One of the meat components is fat, which plays an important role in meat products processing reducing cooking loss, improving water holding capacity and providing flavor, juiciness and desirable mouthfeel (Carballo et al., 1995; Muguerza et al., 2002). On the other hand, the high animal fat intake is frequently associated with obesity, hypertension, cardiovascular diseases and coronary heart diseases (Luruena-Martinez et al., 2004; Moon et al., 2008; Ozvural and Vural, 2008).

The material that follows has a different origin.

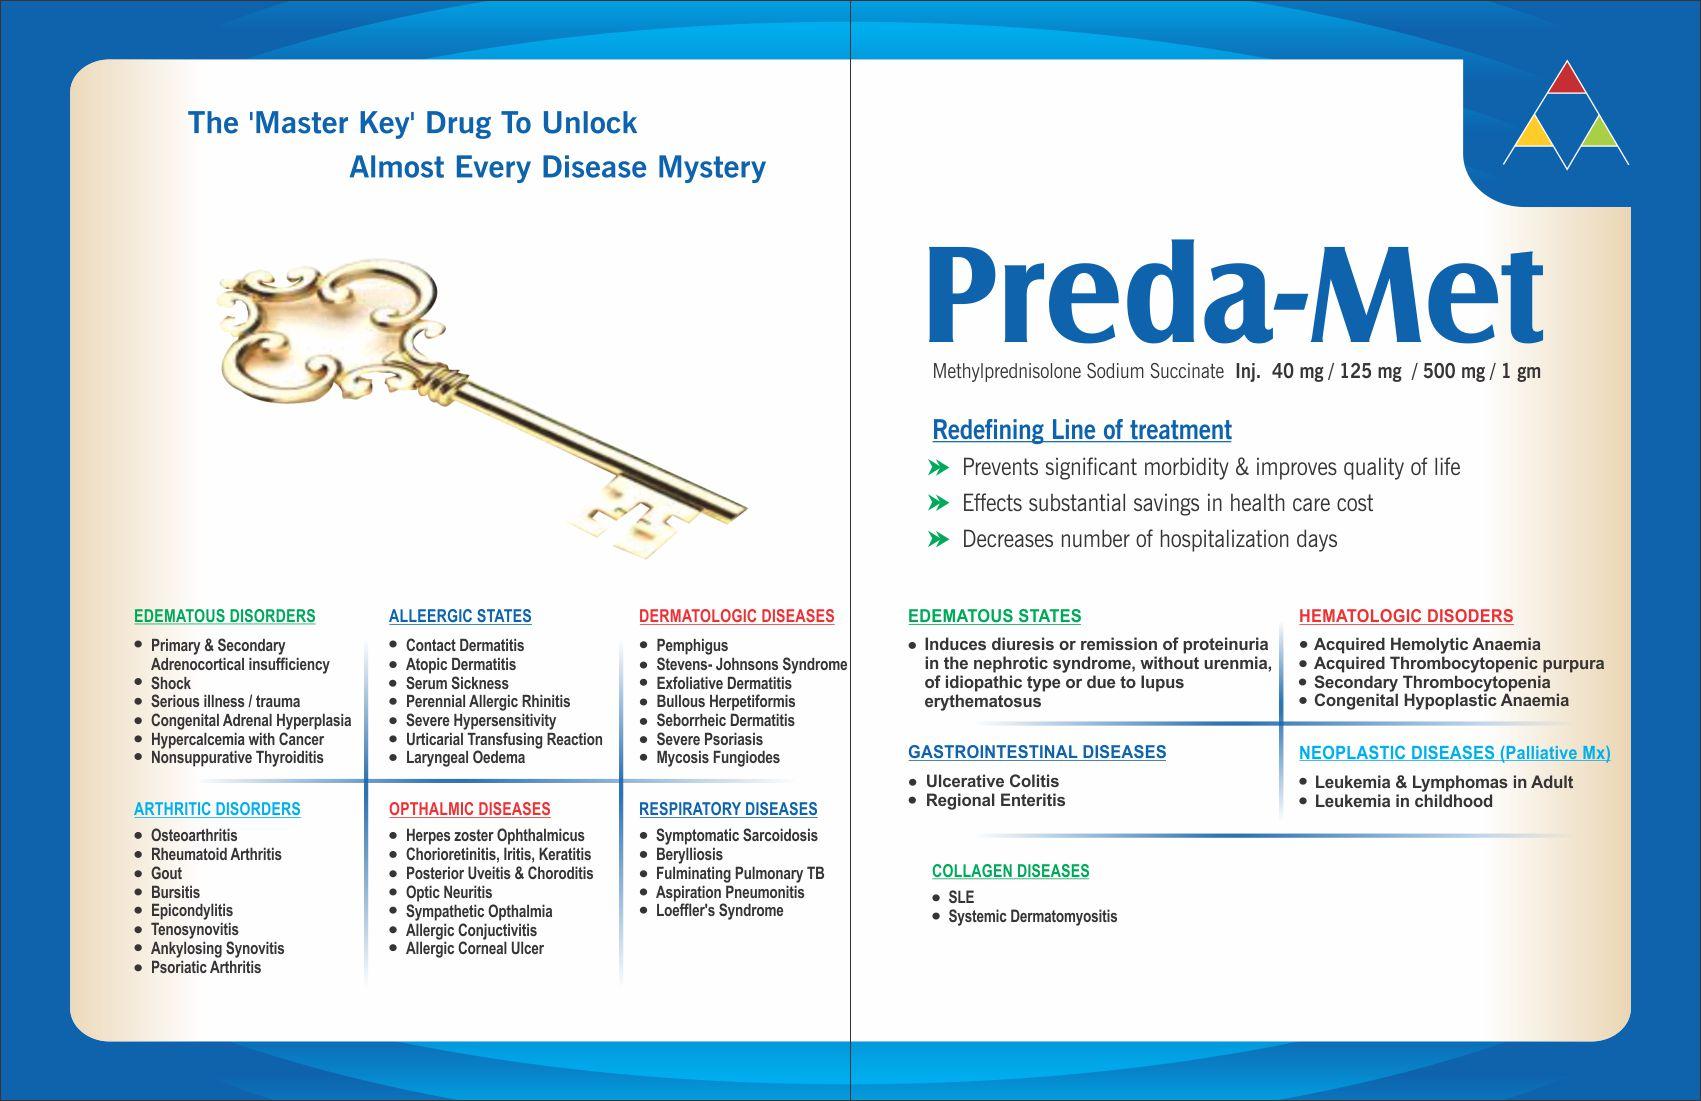 Preda-MET
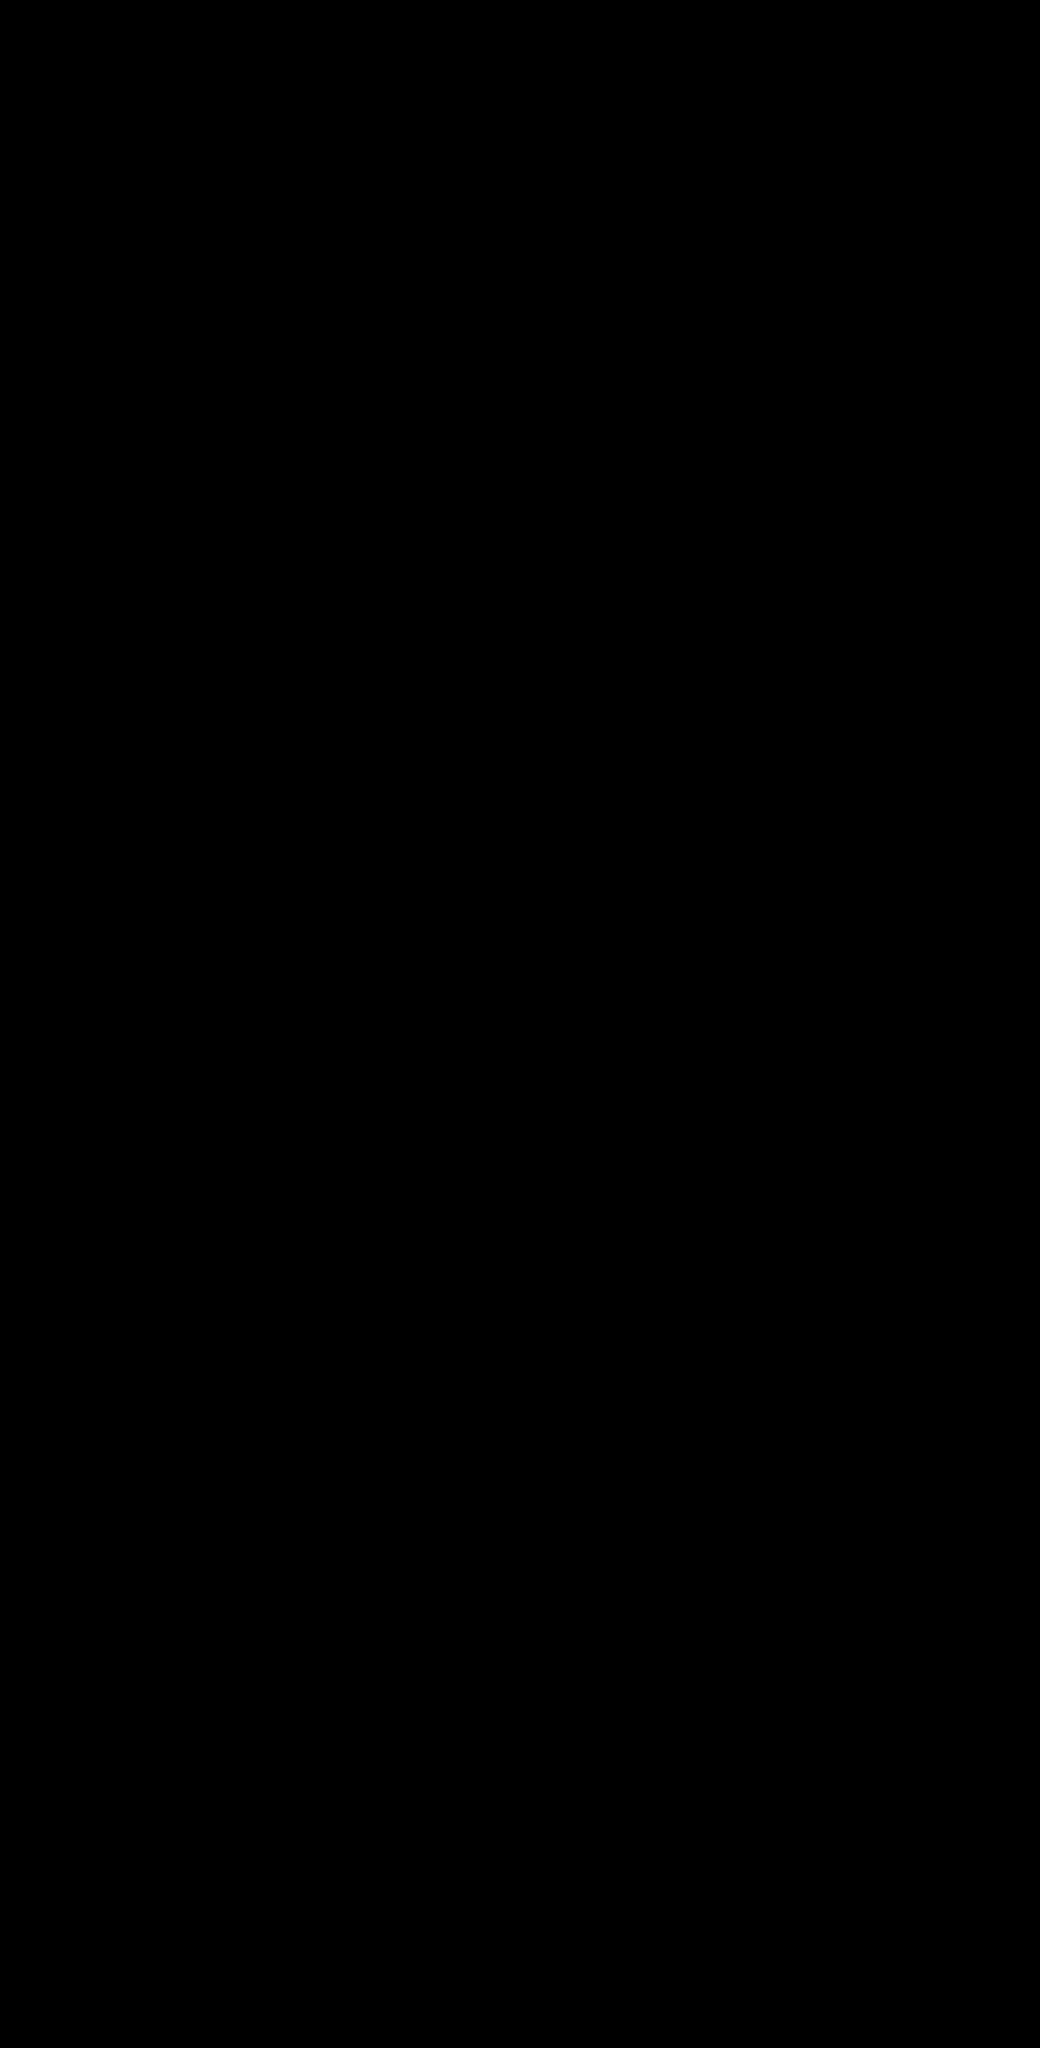 1040x2048 Disney Princess Silhouettes Black And White

Although meat is nowadays considered as a controversial food, the nutritional quality of processed meat products have to regain consumer trust. Consumers who suffer from coronary problems and other associated diseases are advised to choose low fat or low saturated fat food/meat products in an attempt to reduce risk factors. To respond to the consumers demand, meat products were reformulated by partial or complete replacement of fat with vegetable oils (Cáceres et al., 2008; Álvarez et al., 2011; Morais et al., 2013; Mora - Gallego et al., 2013) and/or with walnuts (Cofrades et al., 2008; Olmedilla-Alonso et al., 2008; Álvarez et al., 2011). It is well known, that regular consumption of 43 g/day of walnuts is beneficial for the prevention of coronary heart disease (FDA, 2004). The study of Ayo et al., (2008) evidenced the presence of several bioactive compounds in frankfurters with added walnuts, this improving the potential functional character of meat products that may reduce the risk of heart disease.

Several studies reported the use of sea buckthorn oil as a natural antioxidant in meat systems like mechanically deboned chicken meat, mechanically deboned turkey meat and salami (Pussa et al., 2008; Mihociu et al., 2014; Kumar et al., 2015).

It is well known that dairy products are used nowadays to improve the functional properties of meat products. These ingredients are used in meat products to improve the textural and sensorial properties and to reduce cooking losses (Hung and Zayas, 1992; Barbut, 2010). Milk proteins have specific properties related to immobilization of water, texture and consistency control, with implications in color improvement and enhancement of sensory attributes (Ulu, 2004; Andiç et al., 2010).

The rheological behaviour of the food products, including the textural feature, may be studied by several mechanical methods such as compression, torsion, tension or shear. Many instrumental methods have been developed by several researchers in order to determine food textural properties (Bourne, 2002; Kilcast, 2004; Yang et al, 2010; Choe et al, 2013; Henning et al., 2016).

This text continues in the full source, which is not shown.